Douglas S. Hamilton - Summary of Research Activity

The emphasis of our research program is the investigation of the optical properties of solid state materials, specially those incorporating substitutional lanthanide (rare-earth) and transitional metal ions in an insulating crystalline or amorphous host. The research is conducted primarily using laser-based spectroscopic techniques with picosecond, nanosecond and CW lasers.

Currently we are completing a study of upconversion and energy transfer in Tm³⁺:Ce³⁺:YAG crystals. It is the first measurement of energy transfer rates from a narrow-band system (Tm³⁺ 4f levels) to a broad-band system (Ce³⁺ 5d levels) which overcomes the unwanted problems associated with initial optical excitation of the broad-band system by the laser pulse. This is accomplished by two-laser-pulse upconversion pumping of the Tm³⁺ ions at wavelengths far removed from the absorption bands of the Ce³⁺ ions. Investigations of the kinetics of the Tm³⁺ and Ce³⁺ fluorescence as a function of temperature and dopant concentration have revealed information on the nature of the Tm³⁺-Tm³⁺ and Tm³⁺-Ce³⁺ interactions. Such interactions are important in assessing these materials and excitation processes for potential diode-laser-pumped solid state lasers in the blue and near UV.

We have recently begun a study of Gd³⁺ to Cr³⁺ energy transfer in Cr³⁺:Gd₃Al₅O₁₂. In this case, the Gd³⁺ donor ions are stoichiometric constituents of the host lattice instead of being a substitutional dopant. Initial results indicate a rapid and coherent migration of the excitation on the Gd sublattice followed by a phonon-mediated single transfer step to the Cr³⁺ ion. These studies will provide some useful information on the behavior of scintillator materials utilizing a host-to-impurity energy transfer for the luminescence conversion process.

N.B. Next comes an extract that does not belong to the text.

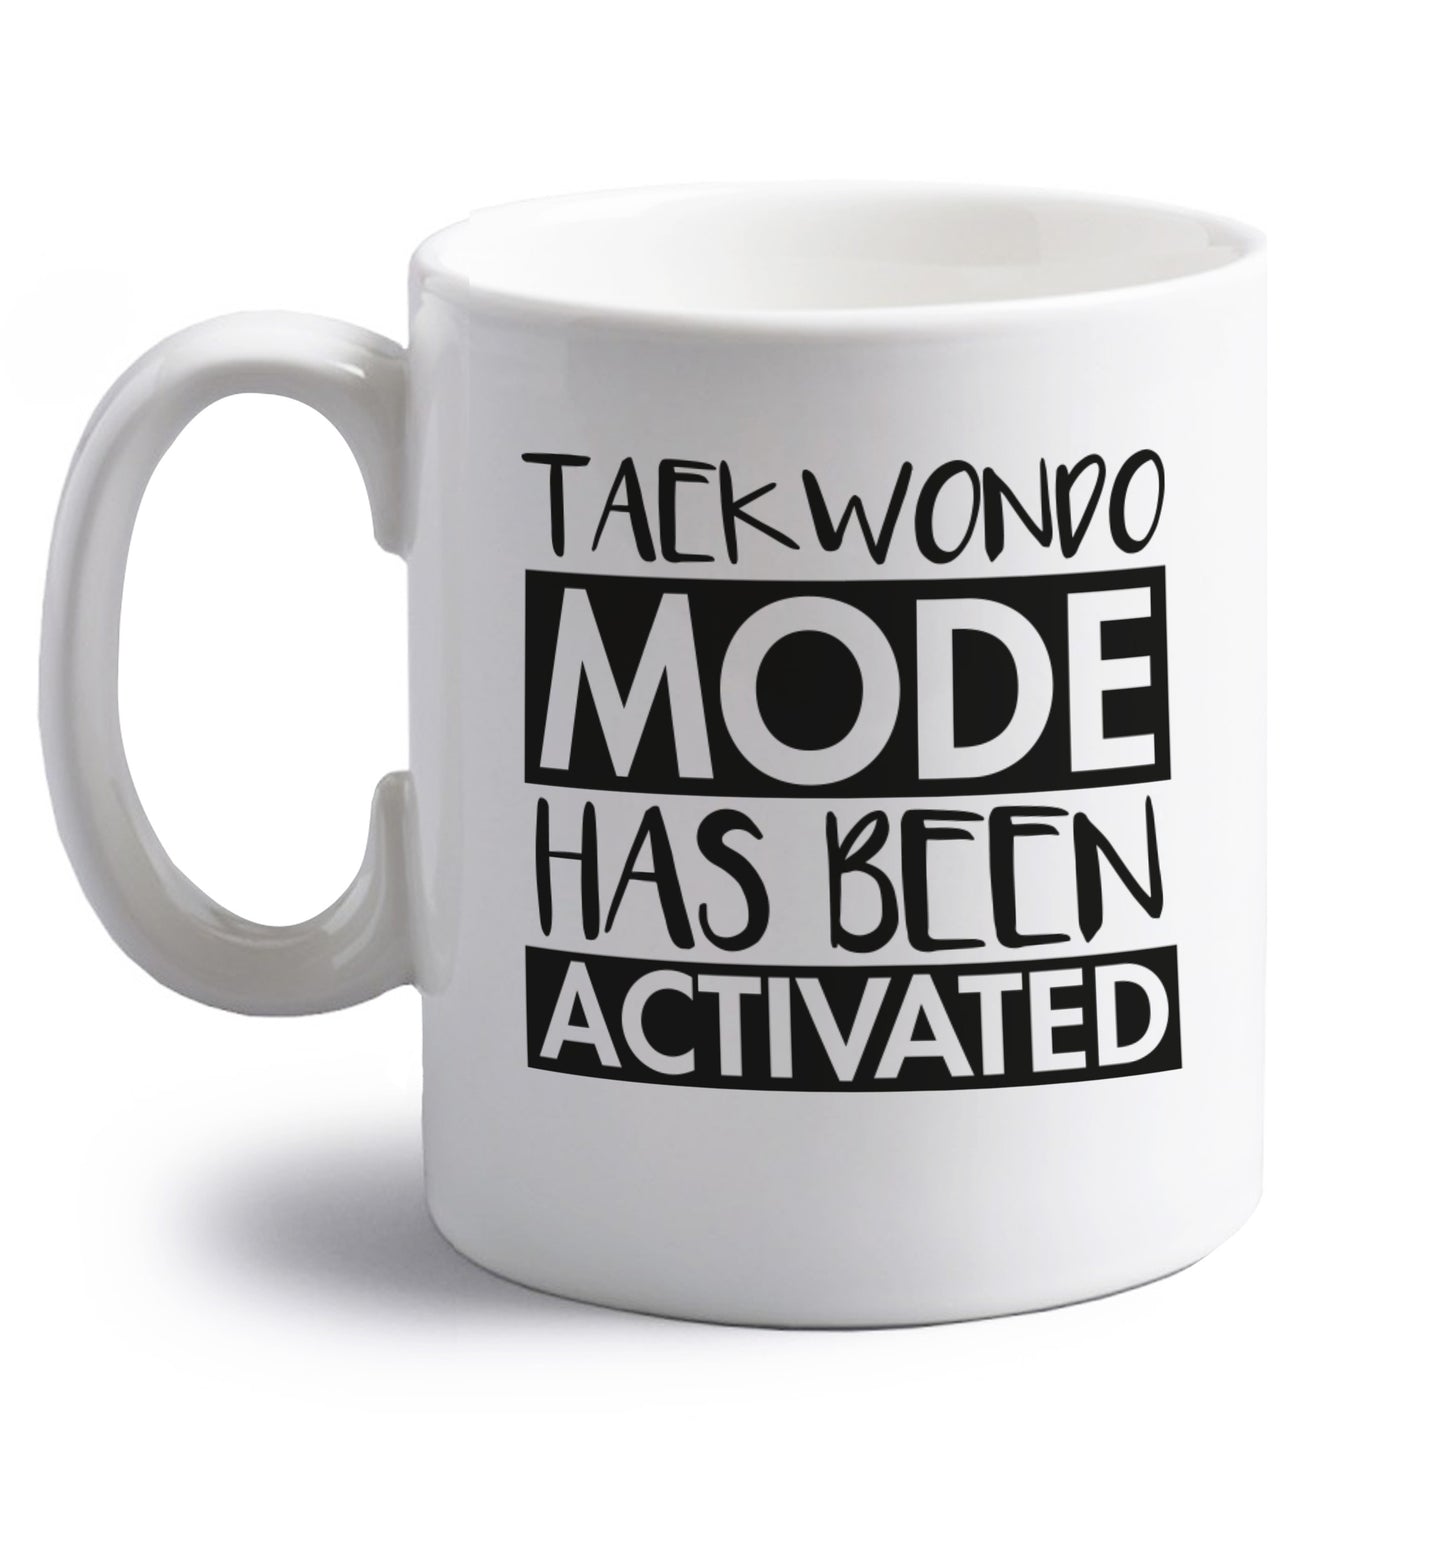 Taekwondo mode activated right handed white ceramic mug 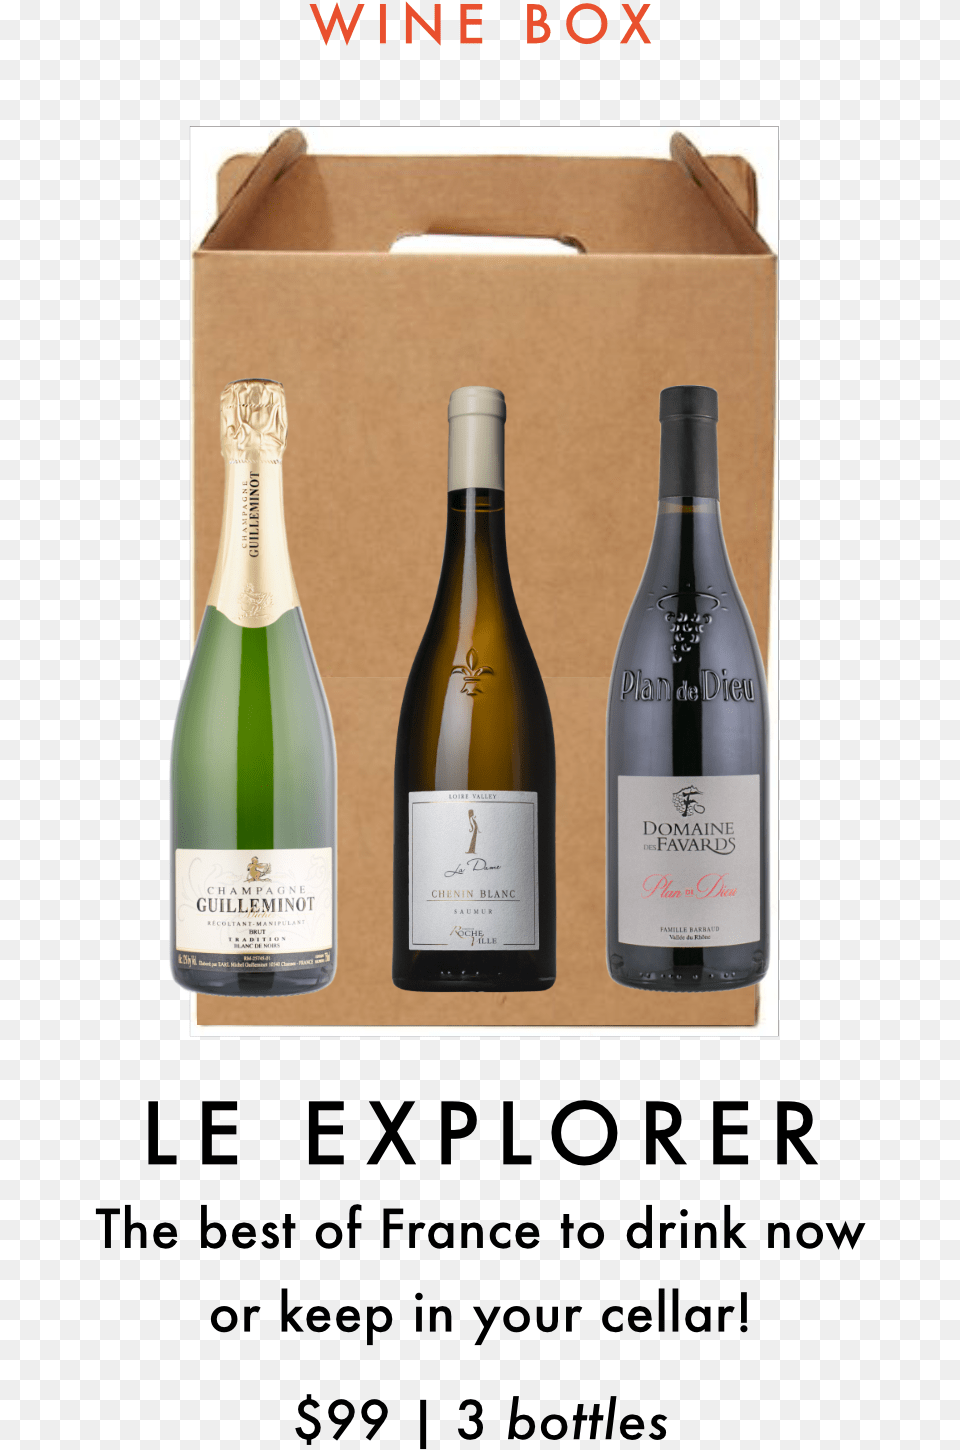 La Cave April Wine Club Box Selection Portable Network Graphics, Alcohol, Beverage, Bottle, Liquor Png Image

With the difficulty in obtaining unique solid-state materials with specialized optical properties being a key stumbling block to our research progress, we have recently obtained funding to develop a laser-heated pedestal growth facility to synthesize our own optical materials. We currently have our 200W CO₂ operational and completed the design of the reflective optics for the growth chamber and we anticipate growing our first materials early in the summer of 2004. This will put our laboratory in a more favorable position for grant funding once the facility becomes operational.